Compared to a study of incident vertebral fractures in the Osteoporotic Fractures in Men (MrOS) Study cohort of elderly men, the AUCs we report seem considerably higher for trabecular vBMD (AUC = 0.885 vs. 0.79), but lower for DXA-based aBMD (AUC = 0.668 vs. 0.72) [28]. In another study on clinically identified vertebral fractures in the MrOS cohort, these results were paralleled with relatively higher values for integral vBMD (AUC = 0.86 vs. 0.82) and lower values for DXA-based aBMD (AUC = 0.668 vs. 0.76) [29]. In contrast to a community-dwelling population like the MrOS cohort, our study group has a selection bias of elderly hospital inpatients, mainly neurosurgical and oncological and exhibiting severe spinal degeneration that render areal density measures inaccurate [30]. In this context, BMC may become even more inaccurate, as outlined before.

Looking 25 years back in time, the insight that trabecular vBMD (QCT; AUC = 0.81) offers better discriminatory power for the prevalence of vertebral fractures than aBMD (DXA; AUC = 0.65) appears familiar [31]. Here, we were able to reproduce these results on modern scanner hardware. In this regard, a recently presented approach to directly estimate aBMD from CT scans using CNNs trained on DXA and CT data is questionable because it propagates the inaccuracies of DXA to CT measures [32]. Previously, efforts to automatically assess BMD in CT data have been undertaken [33]. Some automatic tools use HU as a proxy for BMD [34], which is a method that is expected to produce inaccuracies due to its lack of scanner-specific calibration to bone [35] as well as high variations due to presence of contrast material [15, 36, 37]. Of note, automatic assessment of other CT-derived biomarkers such as muscle attenuation has shown potential to predict fragility fractures [38]. In contrast to these previous studies, we report on calibrated bone measures (aBMD, vBMD, or BMC) that were fully automatically extracted using fast and reliable CNNs. Using an earlier version of this automatic framework we were able to predict screw loosening after lumbar spinal instrumentation in patients with osteoporotic trabecular vBMD [40]. Given that integral vBMD performed almost as good as trabecular vBMD, it would be convenient to have diagnostic thresholds available for integral vBMD that define osteoporosis and low bone mass similar to those defined by the ACR for trabecular vBMD [24]—an idea that has been previously proposed [27]. Here, we developed thresholds of integral vBMD for osteoporosis and for low bone mass. These diagnostic thresholds should be validated in follow-up studies investigating fracture risk because we did not report on incident vertebral fractures.

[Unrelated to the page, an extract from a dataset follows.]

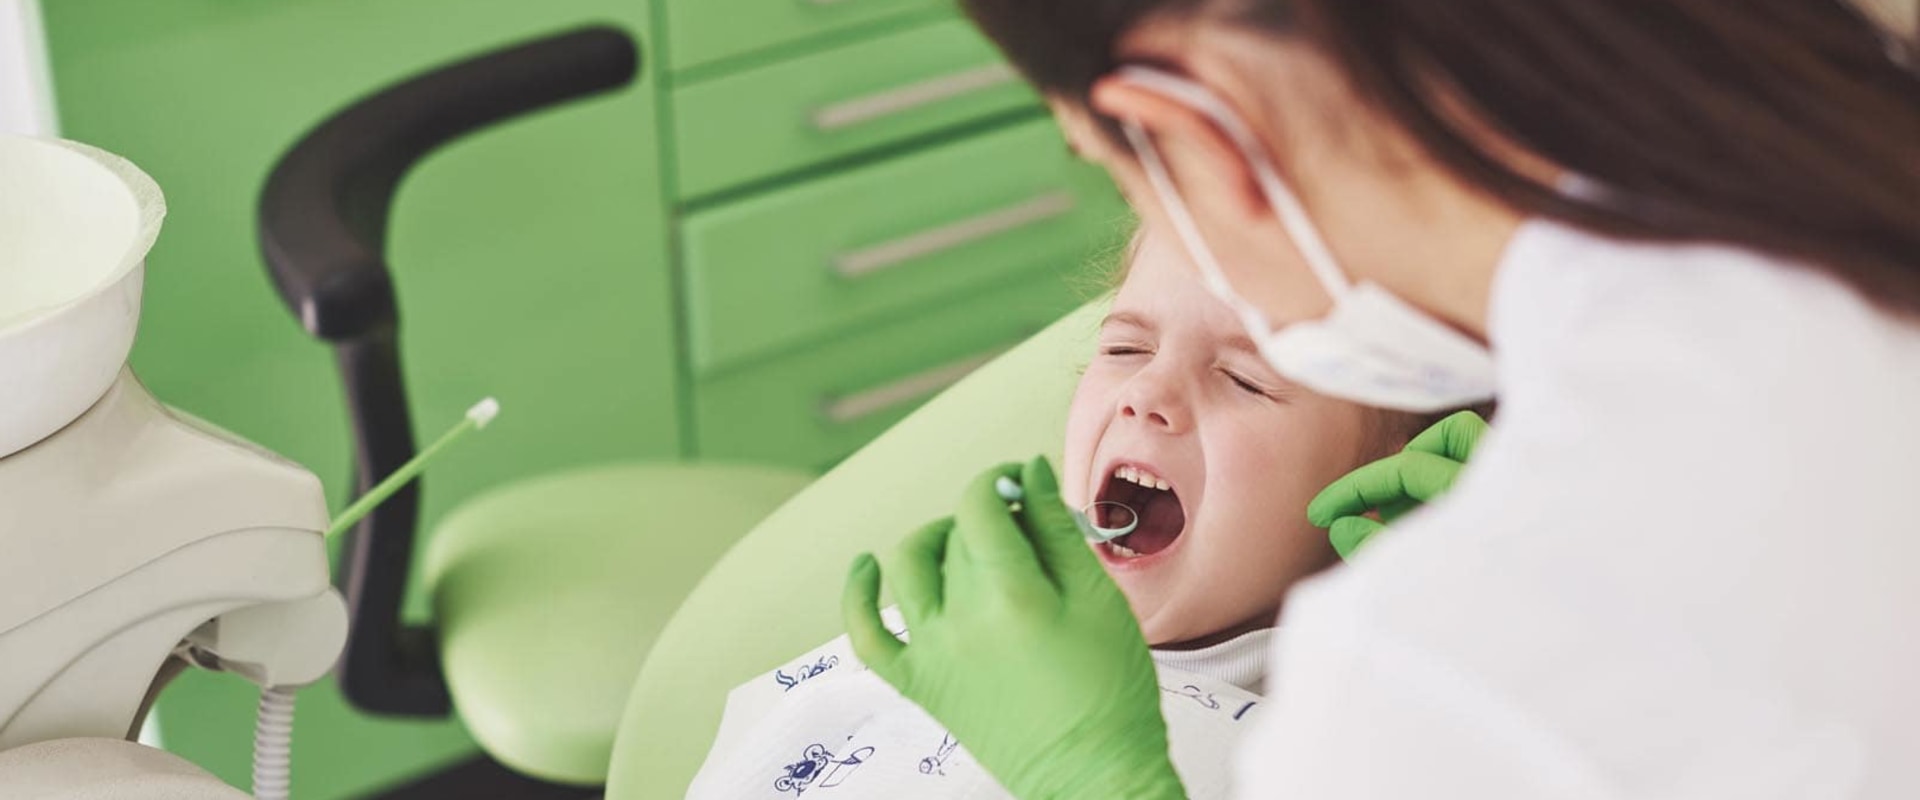 Why is pediatric dentistry interesting?

There are limitations to this retrospective study. As mentioned before, there was a selection bias of elderly and mainly neurosurgical and oncological patients because it was required that they had received both multidetector CT and DXA within 1 year. Thus, osteoporosis was already suspected. However, this is exactly the population that could benefit from opportunistic osteoporosis screening because CT scans already exist and DXA scans become prone to inaccuracies due to spinal degeneration. Moreover, oncological patients would particularly benefit from opportunistic screening because osteoporosis may occur as a side effect of cancer treatment [39].

In conclusion, this study showed that opportunistic and fully automatic assessment of areal and volumetric bone measures in clinical routine CT scans is feasible. Volumetric and integral vBMD showed the best performance of these automatic measures to predict vertebral fractures. DXA-based and non-volumetric measures performed relatively worse. Finally, we propose newly developed diagnostic thresholds of integral vBMD for osteoporosis (< 160 mg/cm3) and low bone mass (160 ≤ BMD < 190 mg/cm3) that should be validated in upcoming studies.